India has refused to attend the trilateral talks, as it felt that the bilateral issues needed to be resolved first.

"Also, the gas price is on the higher side. We are also not desperate for the gas, as there are new sources for energy since the initiation of talks on the pipeline," said an official in New Delhi, adding that the project had to be commercially viable to ensure India's participation.

India planned to discuss the IPI pipeline project with Pakistan in the last week of November when Petroleum and Natural Gas Minister Murli Deora was to visit Islamabad to attend the steering committee meeting of the ADB-sponsored Turkmenistan-Afghanistan-Pakistan-India pipeline project.

However, the meeting had been cancelled due to domestic developments in Pakistan. The next meeting on the committee may be held in Islamabad in February 2008.

The IPI project involves building a 2,775-km pipeline to deliver natural gas from Iran's South Pars field to Pakistan and India. Expected to be completed in three to five years, its estimated cost is $7 billion.

Meanwhile, the 11th Pakistan-Iran JWG meeting discussed the Gas Sales Purchase Agreement (GSPA) and Intergovernmental Framework Agreement (IGFA).

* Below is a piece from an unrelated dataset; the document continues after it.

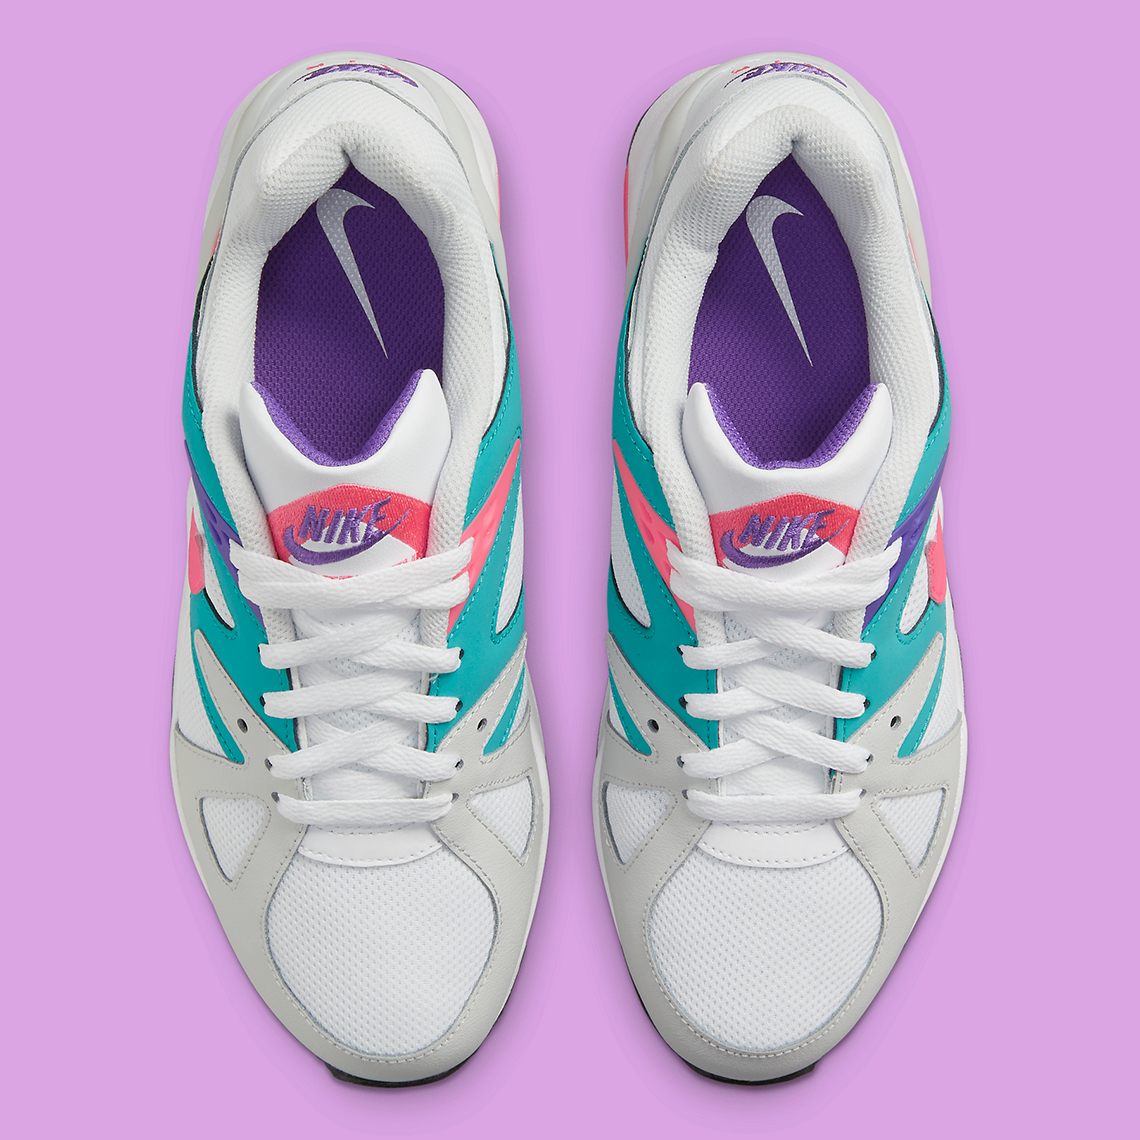 Retro Colors Galore On This Women’s Nike Air Structure Triax ’91

H. Ghanimi Fard, Special Representative of Iran's Petroleum Minister, led his country's delegation whereas Farrakh Qayyum, secretary of the ministry of petroleum and natural resources, led the Pakistan delegation.

The Iranian team called on Paksitan's Petroleum and Natural Resources Minister Ahsanullah Khan, who conveyed his government's firm support to the project and urged the two delegations to conclude their discussions on the GSPA and IGFA.

Without mentioning India, the minister said the project will begin as "soon as possible" and without any further negotiations.

The two sides agreed that they had covered a lot of ground on the project agreement at the bilateral level in the last couple of JWG sessions.